What is he best known for?
The fields of study he is best known for:
- Neuron
- Gene
- Internal medicine
Chiye Aoki mostly deals with Neuroscience, Cell biology, Postsynaptic potential, Excitatory postsynaptic potential and Synaptic plasticity.
His Neurotransmission research extends to the thematically linked field of Neuroscience.
The concepts of his Cell biology study are interwoven with issues in Dendritic spine, Synapse and Astrocyte.
His Postsynaptic potential research focuses on NMDA receptor and how it relates to Axon terminal and Growth cone.

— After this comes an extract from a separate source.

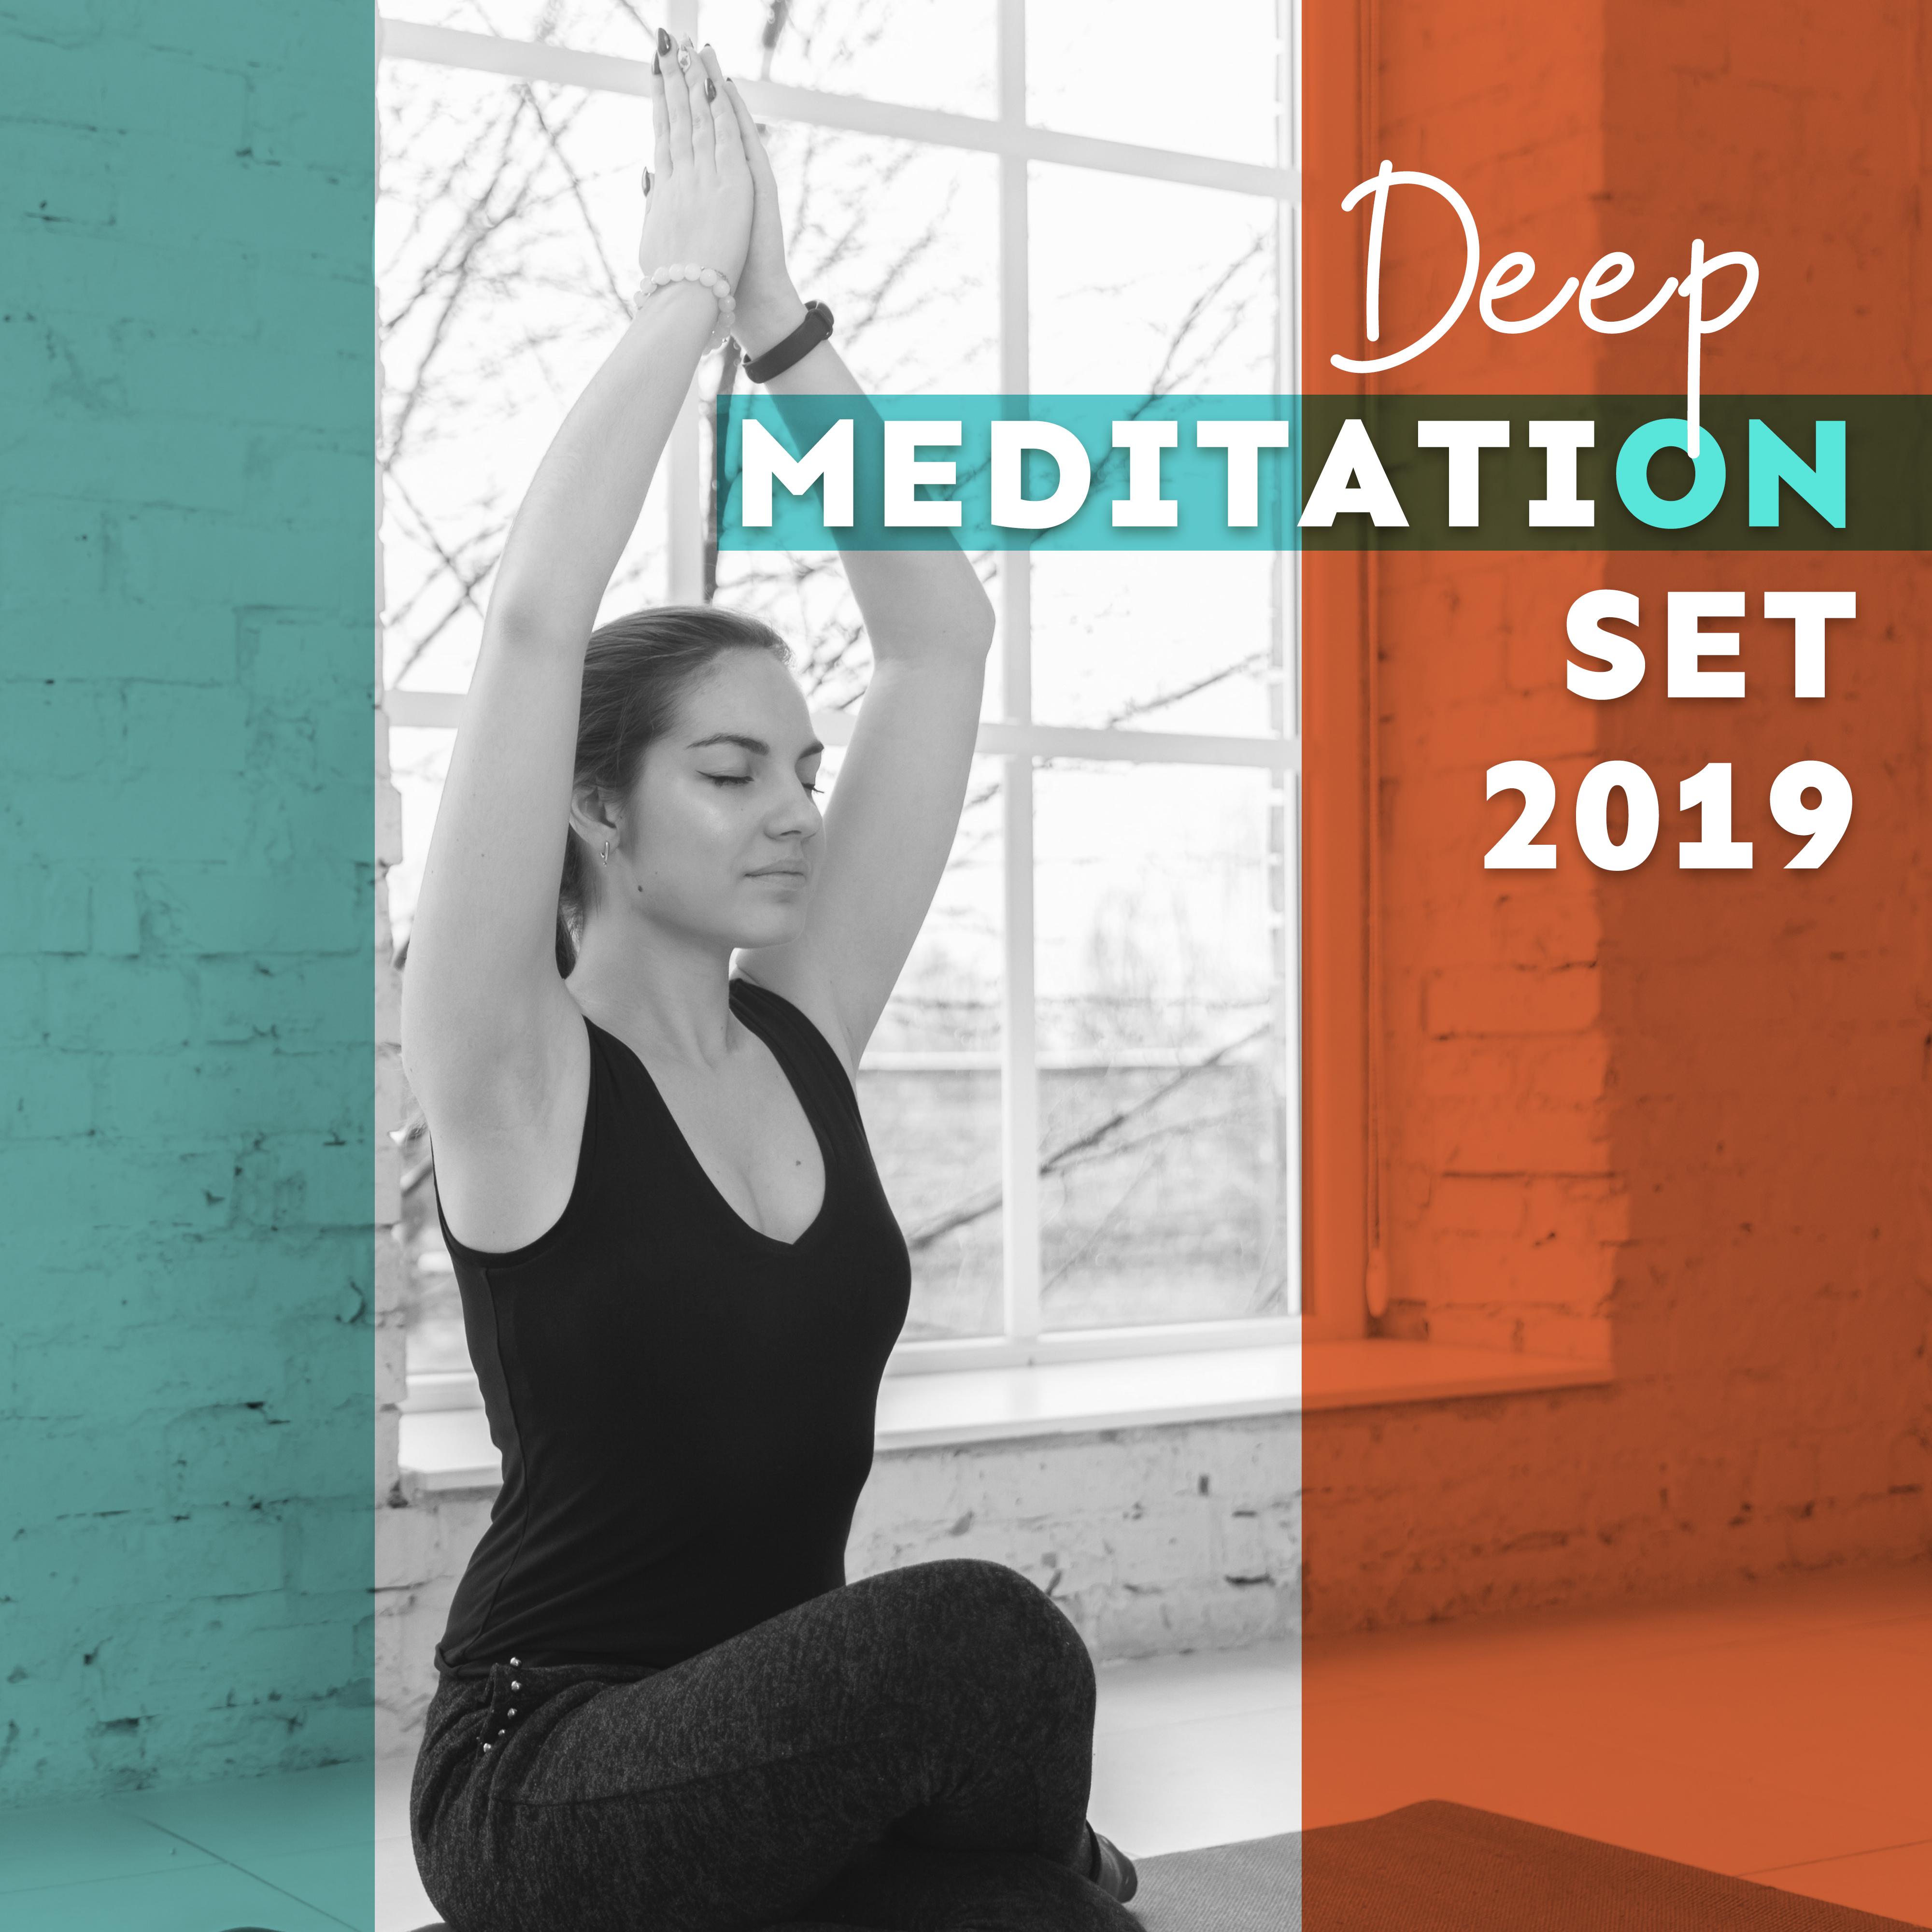 Deep Meditation Set 2019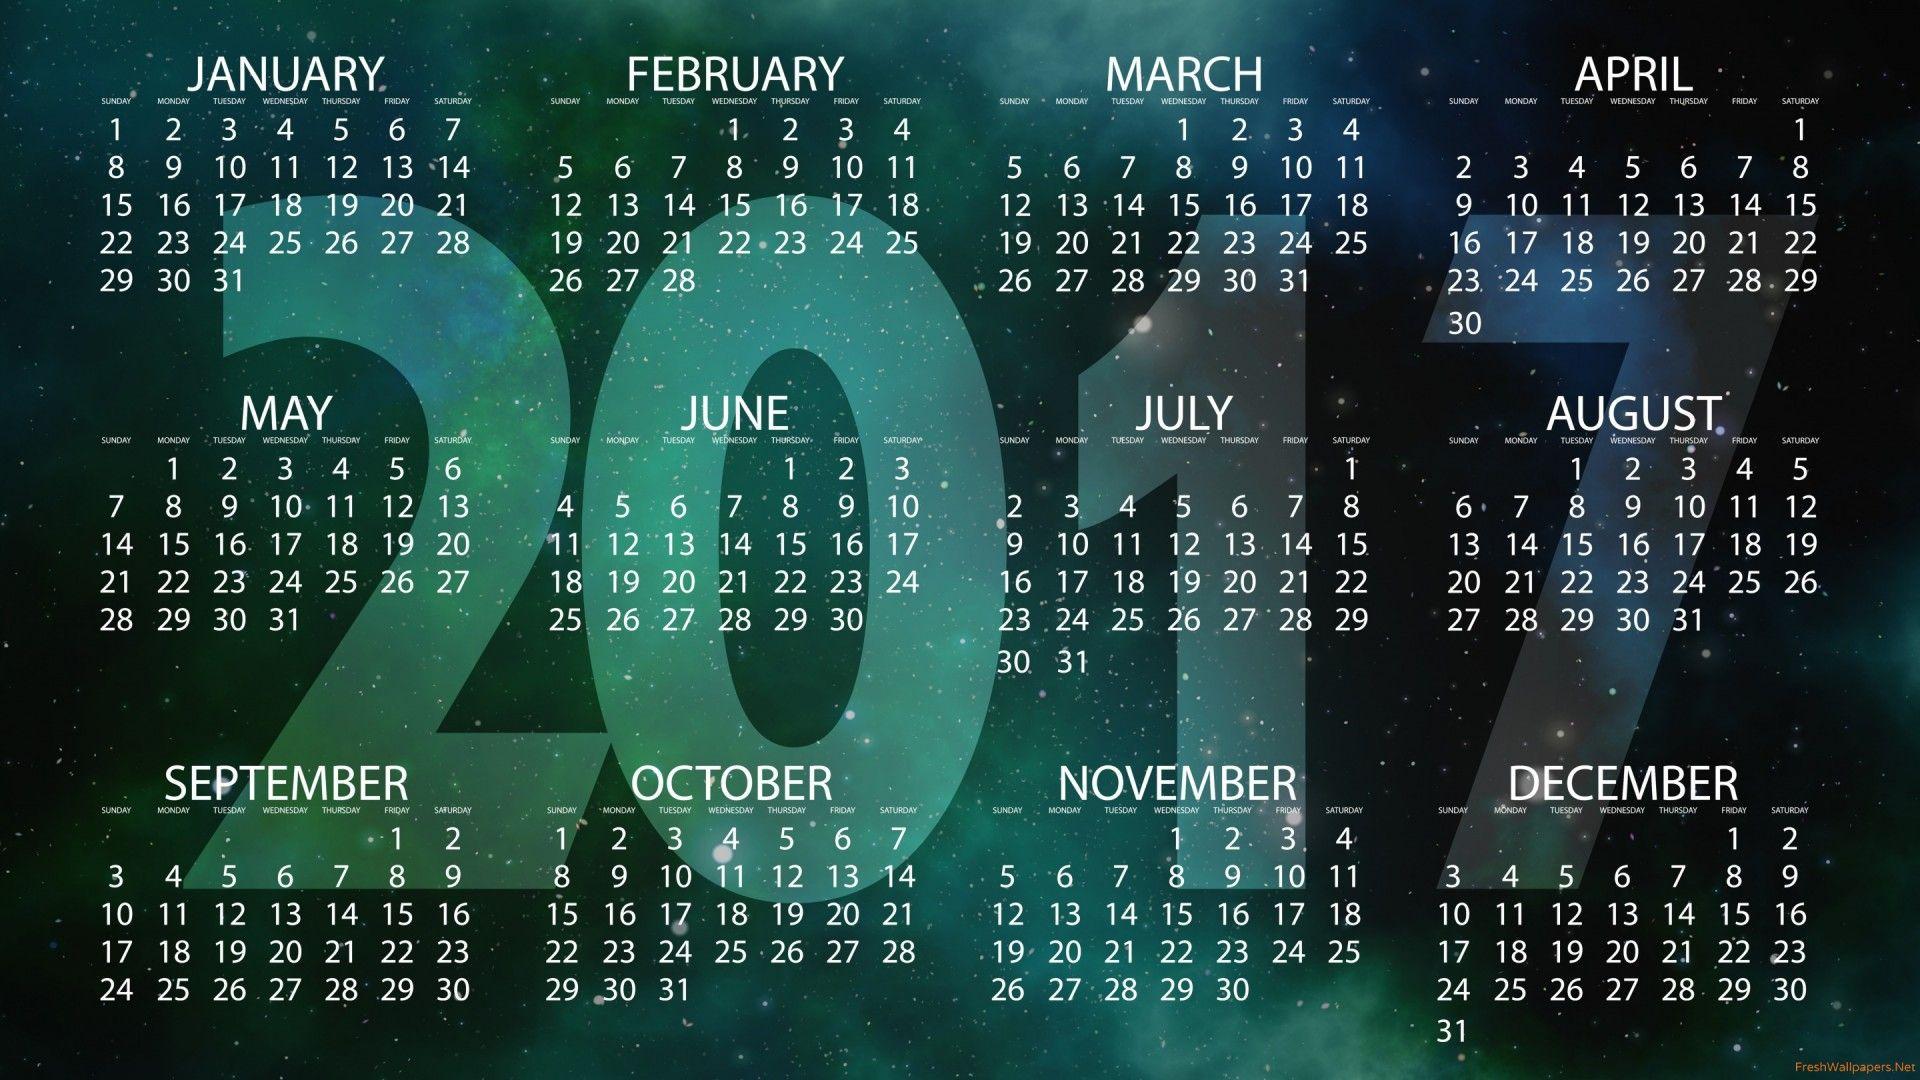 March calendar wallpaper 2017 (26 Wallpaper)

His Excitatory postsynaptic potential study frequently links to other fields, such as Glutamate receptor.
The various areas that Chiye Aoki examines in his Synaptic plasticity study include Piriform cortex, Golgi apparatus, Long-term potentiation, AMPA receptor and Neuropeptide.
His most cited work include:
- Beta-arrestin2, a novel member of the arrestin/beta-arrestin gene family. (467 citations)
- Optimization of differential immunogold-silver and peroxidase labeling with maintenance of ultrastructure in brain sections before plastic embedding (416 citations)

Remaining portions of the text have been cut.